Оказавшись в потоке людей на улице Ленина, он испытал на себе неодобрительный взгляд пожилого человека, который с явной усмешкой покосился на его шевелюру, и решил немедленно податься в парикмахерскую. Но куда? На речной вокзал? Ни за что! Надо идти в городские бани. Там одни горожане.
Садясь в кресло, Шилов услышал затверженный вопрос парикмахера:
— Как стричь?
— Под польку.
— Много накопили ненужного груза, молодой человек, — посетовал парикмахер, покрывая Шилова салфеткой. — Родом откуда будете?
— Из-за реки.
— Редко, значит, бываете в наших заведениях.
— Некогда, отец. Работа захлестывает, — соврал Шилов, но все же почувствовал себя полноправным собеседником, а следовательно, и человеком.

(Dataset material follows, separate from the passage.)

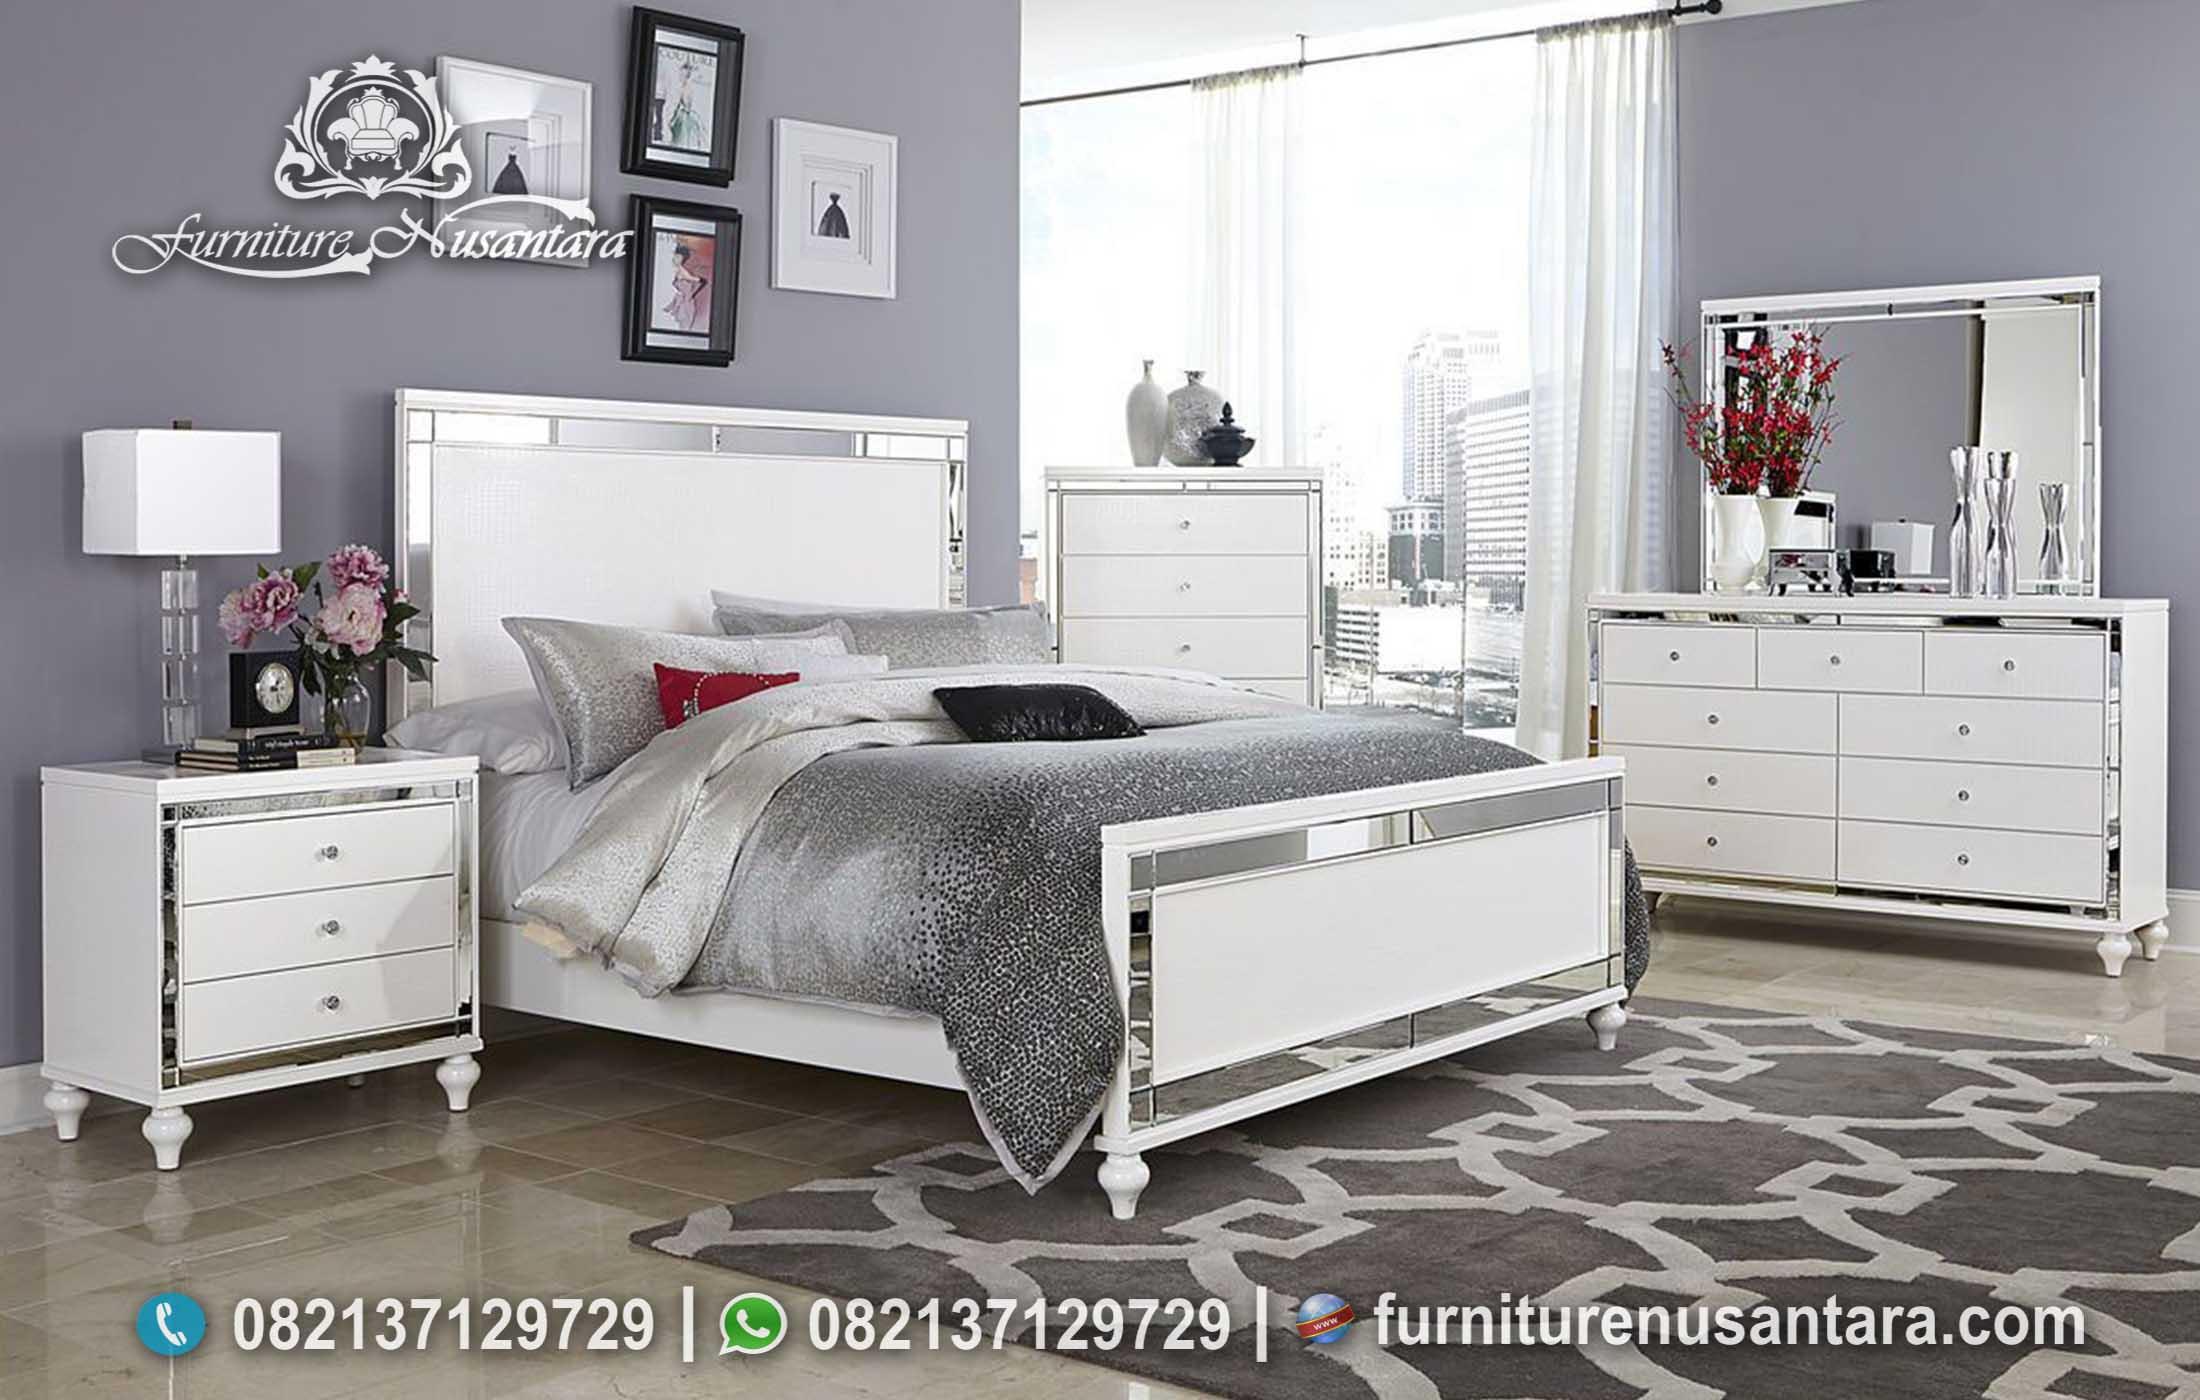 Kamar Minimalis Anak Modern KS-78, Furniture Nusantara
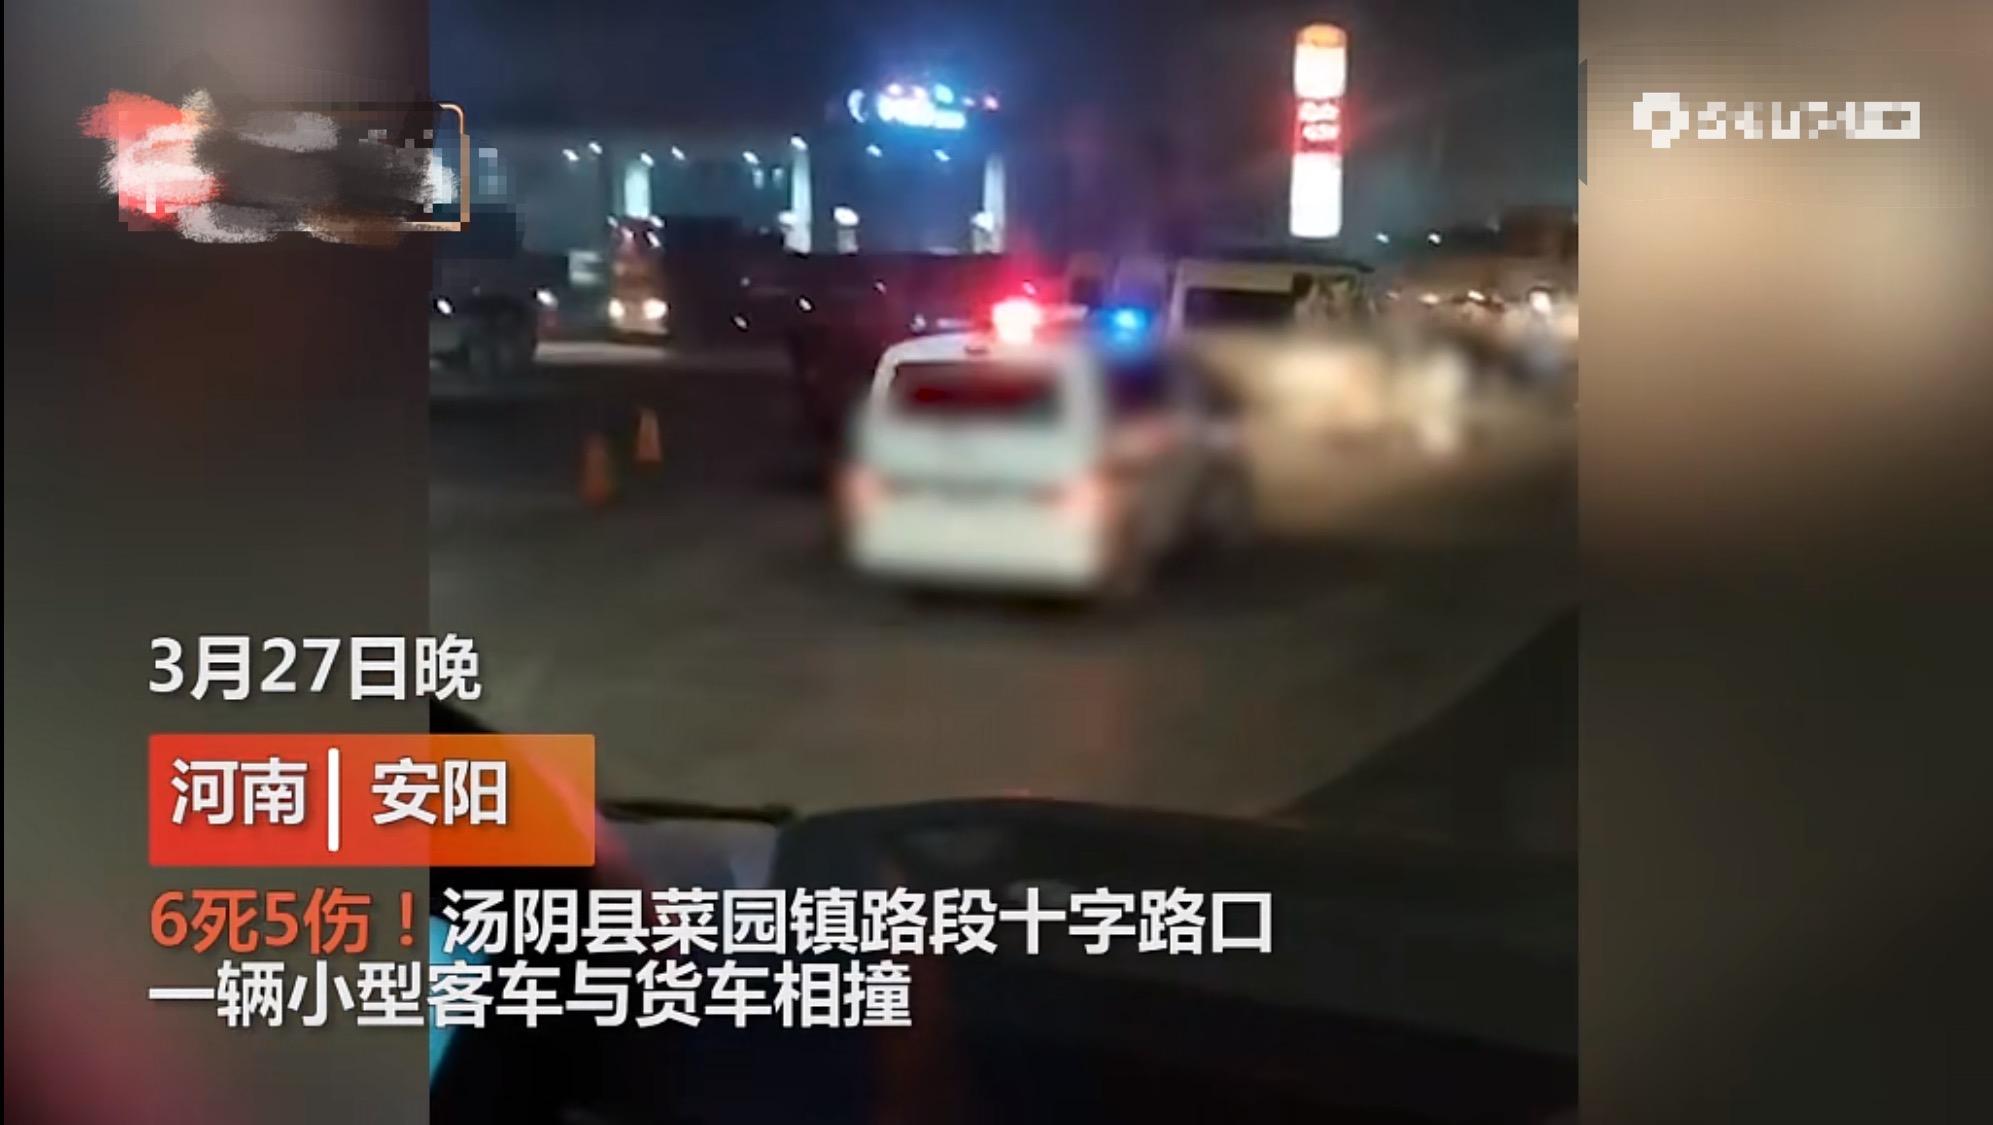 河南一客车严重超员,深夜闯红灯追尾货车致6死6伤,惨烈现场曝光

Полчаса бился старик над копной Шилова, пощелкивая ножницами, включая временами машинку и разгребая космы металлической расческой. Наконец, придав ему человеческий облик, спросил:
— Шею брить?
— Обязательно.
— Виски прямые?
— Прямые.
Шилов расплатился с парикмахером и не взял сдачи. За одиннадцать лет он впервые побывал в парикмахерской. Раньше его подстригала Валентина. Последние три года портила Татьяна Федоровна. И вот он у настоящего мастера. Ощутив облегчение на голове, он посмотрел в зеркало и улыбнулся.
Но улыбка на его лице продолжалась не долго и сменилась испугом. Не успел он отойти от крыльца, как повстречались подвыпившие молодые люди. Один не стоял на ногах. Два другие вели его под руки и драли козла.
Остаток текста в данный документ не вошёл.